Professional ratings
Review scores
| Source | Rating |
| AllMusic | Star |
| Music Week | Star |
| NME | 4/10 |
| Smash Hits | Star |

==Single releases==
"Someday", which was the theme to Disney's The Hunchback of Notre Dame, was released as a single in 1996, the year before Before the Rain was released. "Don't You Love Me" was released just before the album's release, followed by the duet with American singer BeBe Winans "I Wanna Be the Only One", which reached number one in the UK, becoming Eternal's first and only number one hit there. "How Many Tears" was scheduled for release as a single but plans were dropped due to the future release of the Greatest Hits. Australian version of the album includes the original mix of Dreams. Dreams was intended to be a single in the US where a repackaged version of Before The Rain would've been released, re-titled "Dreams" and including a further two new songs. These are thought to have been "Angel of Mine" and "Talk About It".

==Critical reception and sales==
Before the Rain received a positive response from music critics and fans and it gained Eternal a MOBO Award. The album peaked at number 3 on the UK Albums Chart and was certified Platinum by the BPI for sales of over 300,000 copies.

==Track listing==

Before the Rain track listing
| No. | Title | Writer(s) | Producer(s) | Length |
|---|---|---|---|---|
| 1. | "Don't You Love Me" | Cynthia Biggs; Carolyn Mitchell; Terence Dudley; Christopher Kellum; | Dennis Charles; Ronnie Wilson; | 3:49 |
| 2. | "I Wanna Be the Only One" (duet with BeBe Winans) | Winans; Rhett Lawrence; | Andy Bradfield | 4:18 |
| 3. | "How Many Tears" | St.

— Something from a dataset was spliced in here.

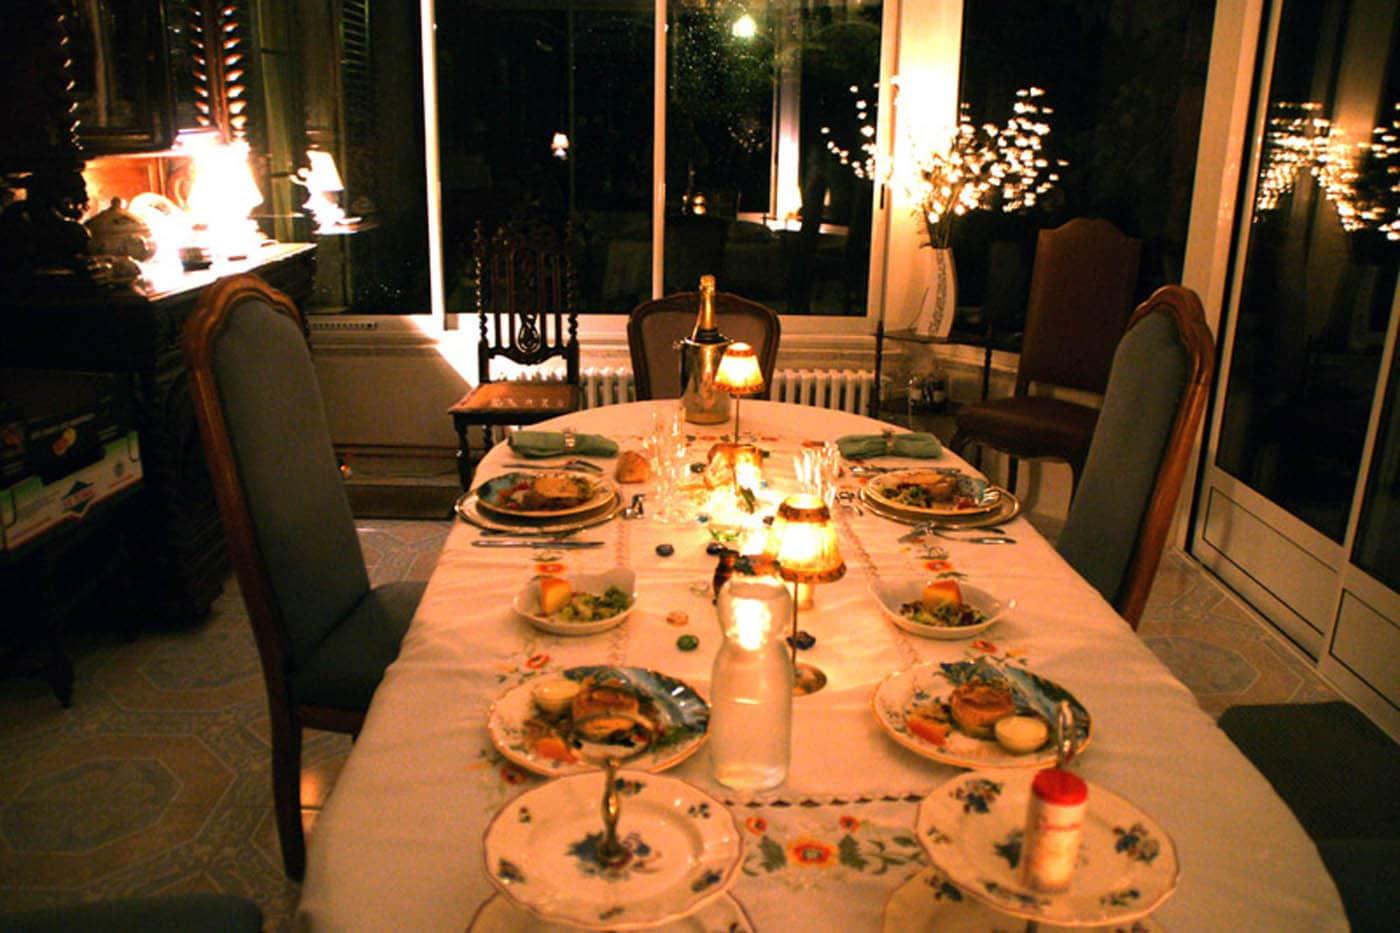 soiree romantique maison ventana blog. Black Bedroom Furniture Sets. Home Design Ideas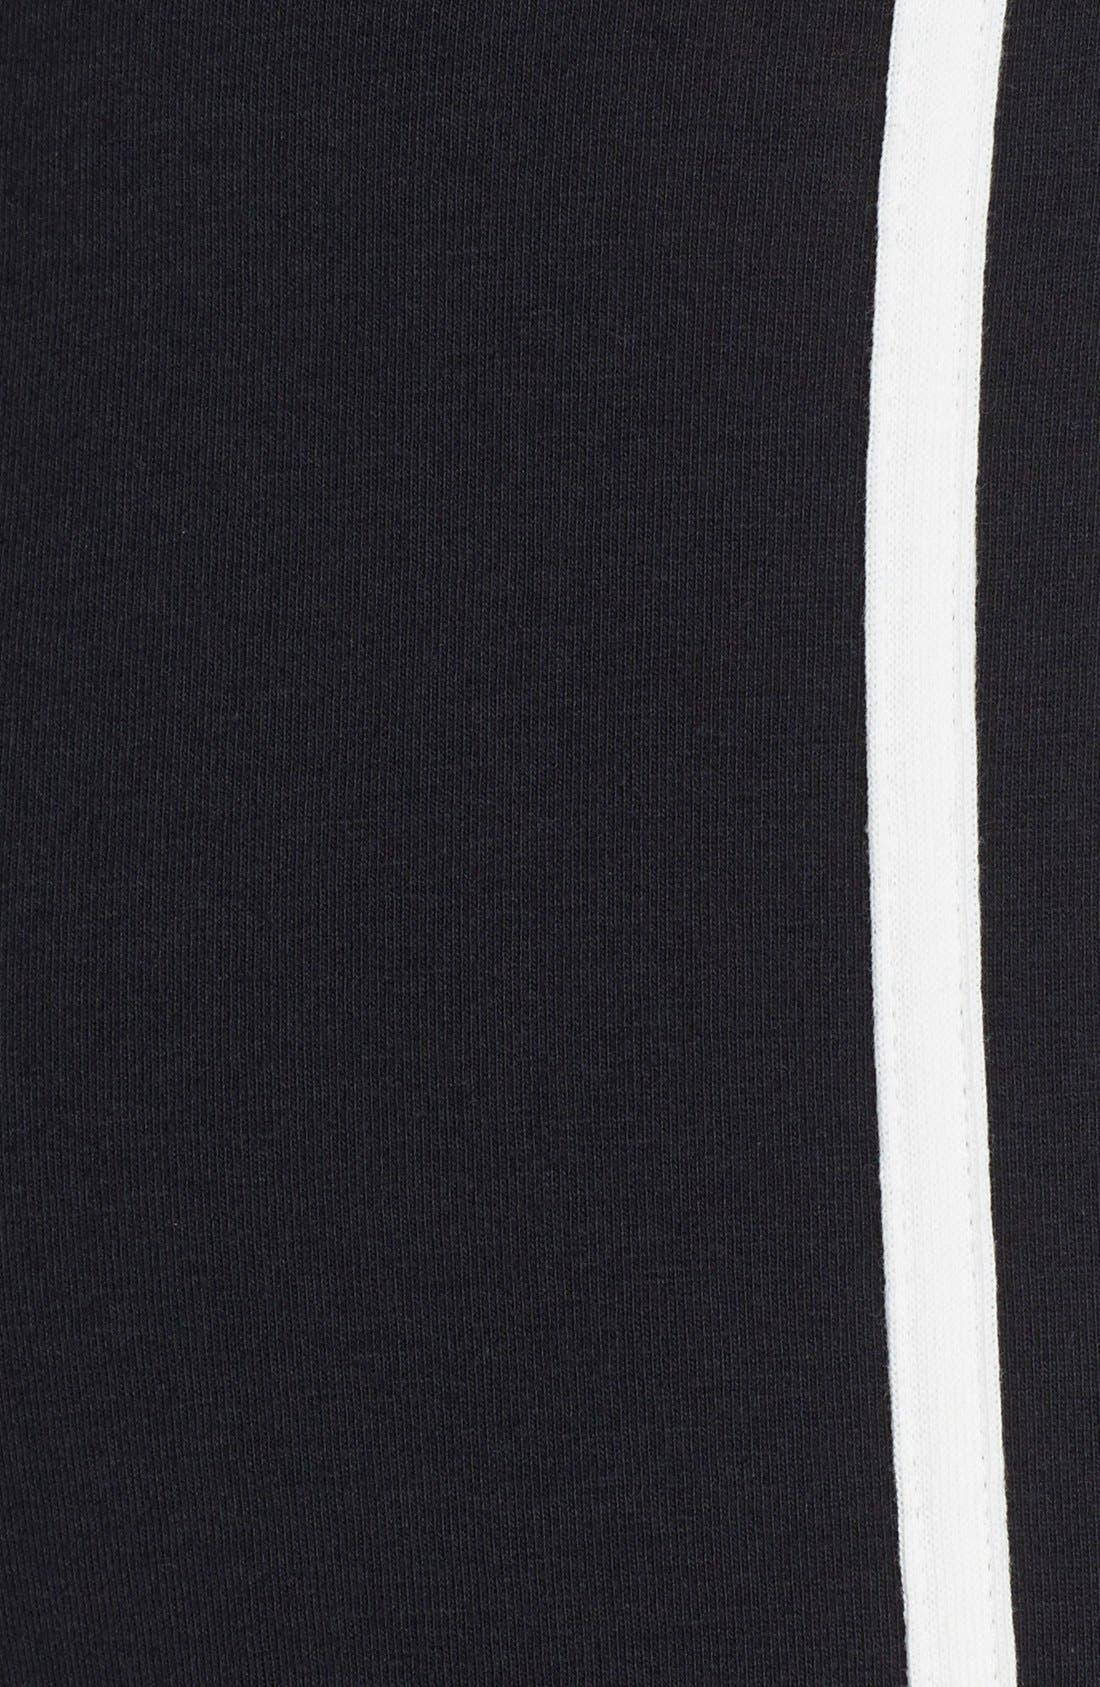 Alternate Image 3  - adidas Originals Trefoil Leggings (Online Only)

Paul Peterson; Oliver Leiber; | Harvey Mason, Jr. | 4:37 |
| 4. | "Grace Under Pressure" | Bruce Forest; John Themis; Beverley Skeete; Derek Green; Andy Whitmore; | Charles; Wilson; | 4:41 |
| 5. | "Someday" | Alan Menken; Stephen Schwartz; | Simon Climie | 4:14 |
| 6. | "Think About Me" (featuring Basil Reynolds) | Michelle Lewis | Charles; Wilson; | 4:39 |
| 7. | "Promises" | Easther Bennett; Vernie Bennett; | Charles; Wilson; | 4:07 |
| 8. | "I'm Still Cryin" | Nigel Lowis; Kéllé Bryan; Graham Plato; | Lowis | 4:50 |
| 9. | "All My Love" (featuring G-Man) | Lowis; Bryan; Plato; | Lowis | 3:06 |
| 10. | "What Do You Mean When You Say" | Vernie Bennett | Charles; Wilson; | 4:58 |
| 11. | "Why Am I Waiting" | E. Bennett; Mason; Robert Gerald; Denis Ingoldsby; | Mason | 4:16 |
| 12. | "It's Never Too Late" (Interlude) | E. Bennett | Charles; Wilson; | 1:14 |

Australian bonus track
| No. | Title | Writer(s) | Producer(s) | Length |
|---|---|---|---|---|
| 13. | "Dreams" | Stevie Nicks; | Charles; Wilson; | 4:13 |

===Japanese bonus tracks===
- 1. "Finally" (On the Japanese edition this was placed as the first track)
- 14. "12 Months"
- 15. "I'll Take a Pass on Love"
- 16. "I Wanna Be the Only One" (This version features only Easther on lead vocals)

==Charts==

===Weekly charts===

Weekly chart performance for Before the Rain
| Chart (1997) | Peak position |
|---|---|
| Australian Albums (ARIA) | 36 |
| Austrian Albums (Ö3 Austria) | 10 |
| Danish Albums (Hitlisten) | 4 |
| European Albums (Top 100) | 18 |
| Dutch Albums (Album Top 100) | 1 |
| German Albums (Offizielle Top 100) | 50 |
| Japanese Albums (Oricon) | 18 |
| New Zealand Albums (RMNZ) | 42 |
| Norwegian Albums (VG-lista) | 20 |
| Scottish Albums (OCC) | 14 |
| Swedish Albums (Sverigetopplistan) | 33 |
| Swiss Albums (Schweizer Hitparade) | 21 |
| UK Albums (OCC) | 3 |
| UK R&B Albums (OCC) | 1 |

===Year-end charts===

1997 year-end chart performance for Before the Rain
| Chart (1997) | Position |
|---|---|
| Danish Albums (Hitlisten) | 32 |
| Dutch Albums (Album Top 100) | 39 |
| European Albums (Top 100) | 92 |
| UK Albums (OCC) | 42 |

==Certifications==

Certifications for Before the Rain
| Region | Certification | Certified units/sales |
| Japan (RIAJ) | Gold | 100,000^{^} |
| Netherlands (NVPI) | Gold | 50,000^{^} |
| United Kingdom (BPI) | Platinum | 300,000^{^} |
^{^} Shipments figures based on certification alone.